# A variable plane which remains at a constant distance 3p from the origin cuts the co-ordinate axes at A, B & C. Show that the locus of the centroid of the $\bigtriangleup ABC\;is\; \Large\frac{1}{x^2}+\frac{1}{y^2}+\frac{1}{z^2}=\frac{1}{p^2}$

Let the variable plane at distance 3p from the origin be :
ax + by + cz = 3p - - - - - eq(1)
where
a, b, and c are the direction-cosines of the normal to the plane

This meet the x-axis in A. Thus, y = z = 0, substituting to (1),
ax = 3p,
x = 3p/a.

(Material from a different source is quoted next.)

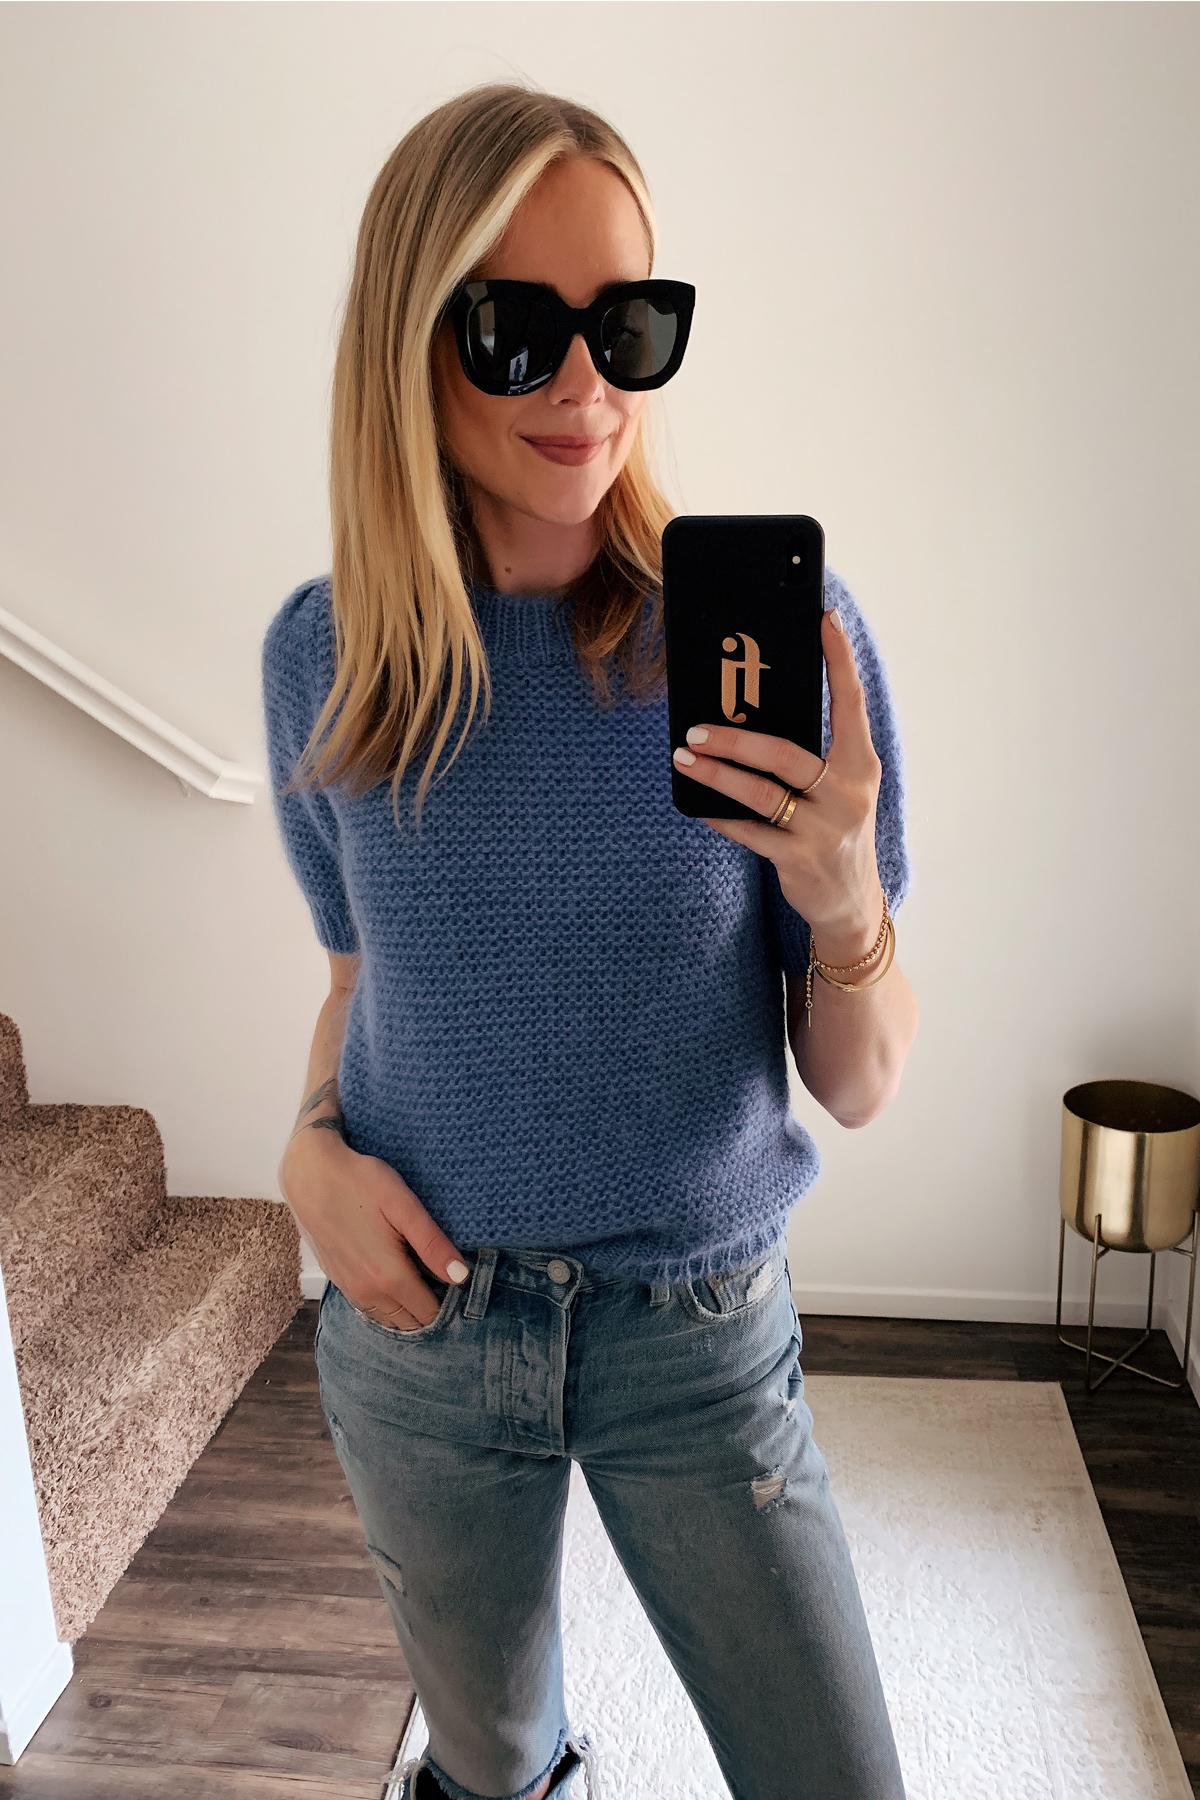 Fashion Jackson Wearing Celine Black Cat Eye Sunglasses Anine Bing Blue Sweater Ripped Jeans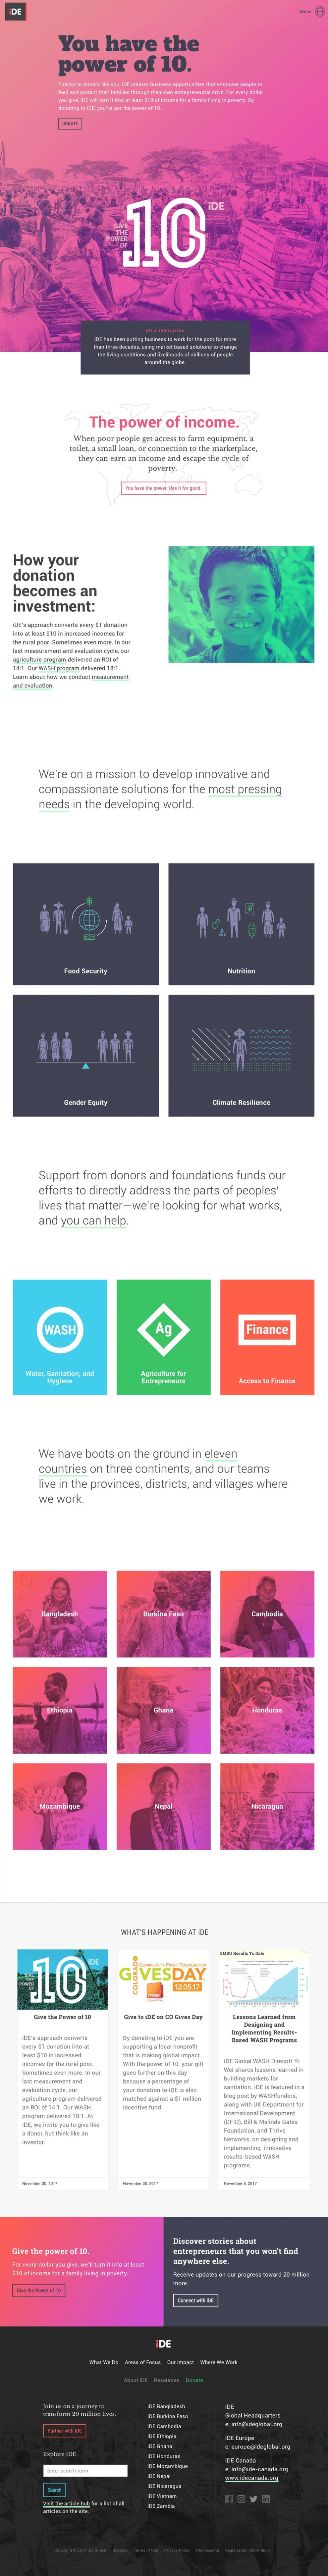 iDE Web Design Homepage

Hence,
coordinate A = (3p/a, 0, 0).
Similarly, coordinate B and C are :
B = (0, 3p/b, 0),
C = (0, 0, 3p/c)

Now, let the centroid of ABC is G(x, y, z).
Using the formula of centroid :
(x, y, z) = {(x₁ + x₂ + x₃)/3 , (y₁ + y₂ + y₃)/3, (z₁ + z₂ + z₃)/3},
G(x, y, z) = {(3p/a + 0 + 0)/3 , (0 + 3p/b + 0)/3, (0 + 0 + 3p/c)/3},
G(x, y, z) = (p/a, p/b, p/c)

Since a, b, and c are the d.c’s
then a² + b² + c² = 1.
But a = p/x, b = p/y, and c = p/z. So :
p²/x² + p²/y² + p²/z² = 1

1/x² +1/y² +1/z² =p²

hope u find this heplful